Based on the research on foxes, the natural selective pressure on village wolves to be tamer might have simultaneously created a population of wolves with all kinds of odd characteristics. Now you have a group of animals that are smaller and friendlier than wolves and that come in lots of colors. This is the point at which researchers like the Coppingers say that humans began adopting puppies and favoring some attributes over others, using artificial selection to create different types of dogs.
![]() Photo courtesy Hannah Harris Milo, an example of a proto-dog, checks out a compost pile |
You can still see artificial selection in action in many parts of the world, where dogs exist on the margins of society and feed on scraps. These "pariah" dogs are of relatively uniform size, but vary in color. They are probably not descended from purebred dogs, as there is no local history of purebred dogs kept as pets. Instead, they represent what could be the original dog type, or proto-dog, evolved from wolves to take advantage of the niche that humans provide. People sometimes take unusual individuals as pets, and in some cases, these animals are bred and pass on these special qualities. If certain qualities are consistently favored over time, we begin to see the creation of a breed via artificial selection.

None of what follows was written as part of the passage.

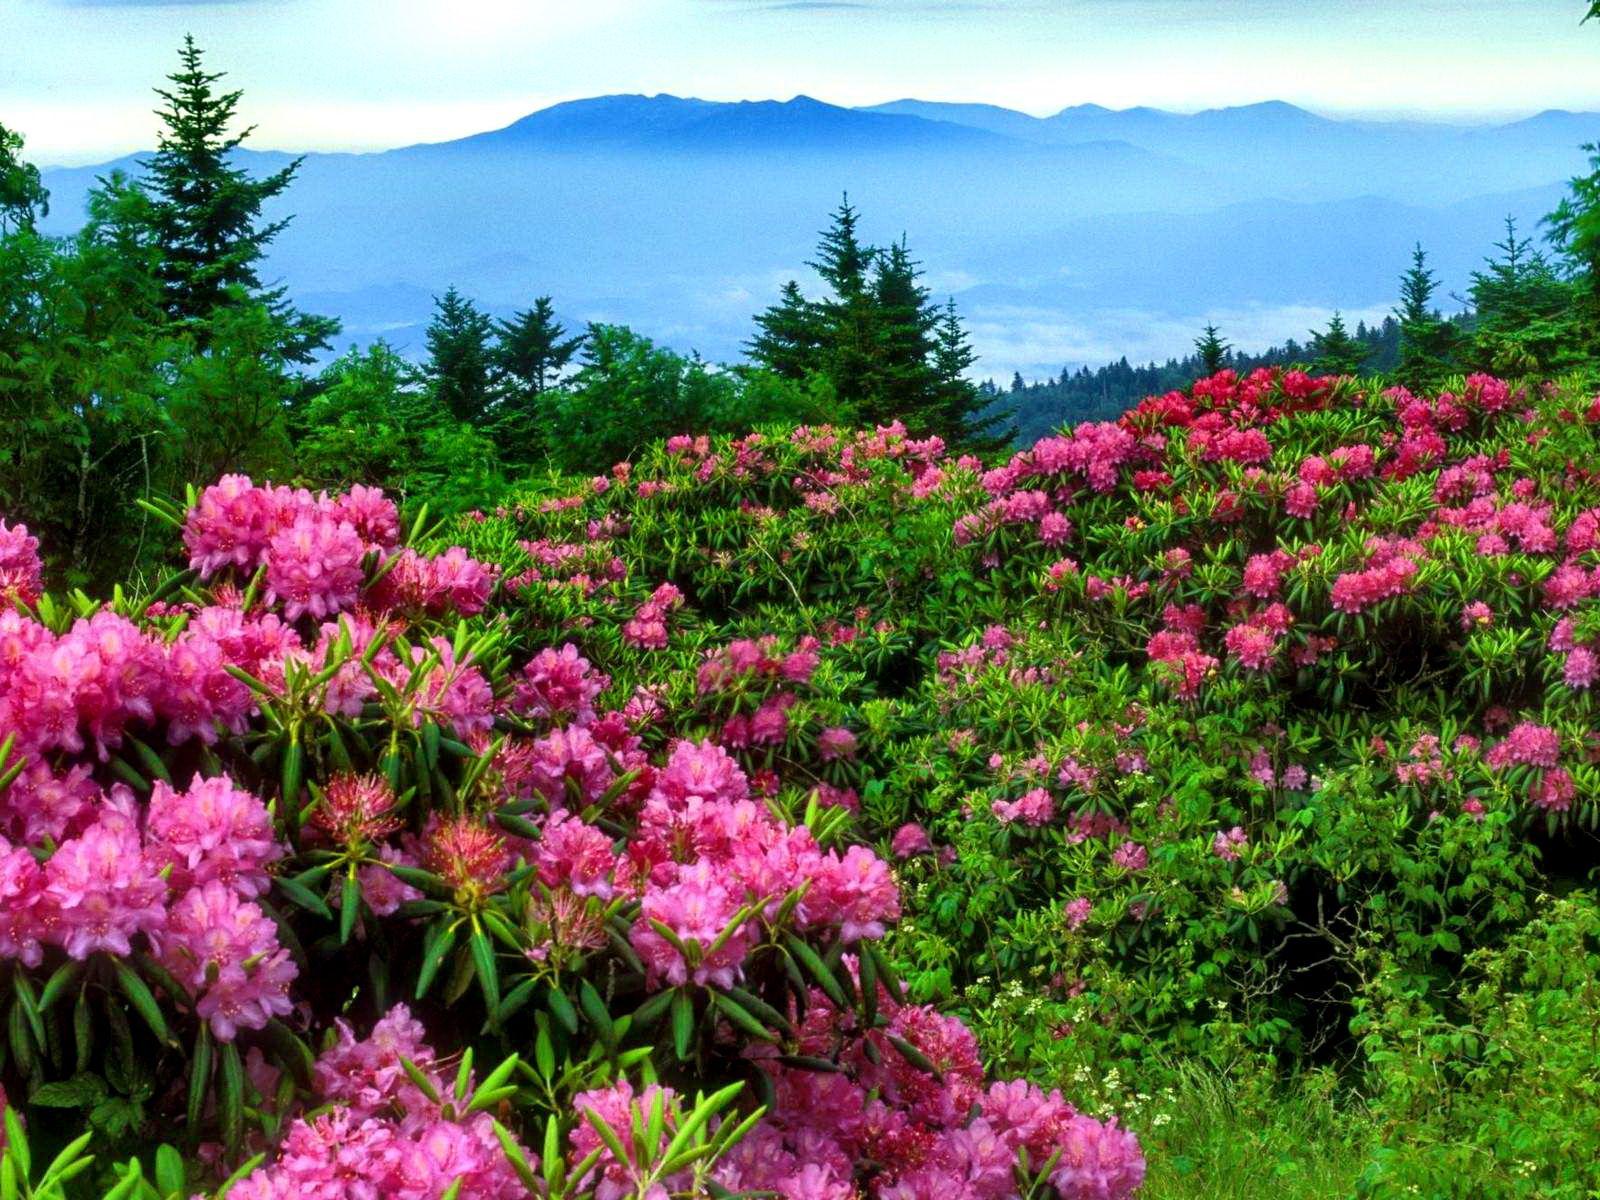 Beautiful Wallpaper Mountain Flower - e2f9f34140e2b6971dcdaa6b35cf24bd  Perfect Image Reference_85632.jpg

If the final process of artificial selection is the same, distinguishing between these two theories of the evolution of dogs may seem like splitting hairs. In either case, some wolves became dogs because of their association with people. However, the new (and even heretical) idea that groups of wolves evolved into dogs via natural selection means dogs are not simply domesticated wolves. They are truly their own species, shaped by the same process that created coyotes and other canids that have split from each other on the family tree. Perhaps by viewing dogs as deformed or substandard wolves created by people, we fundamentally misunderstand and underestimate them as the unique species that they are.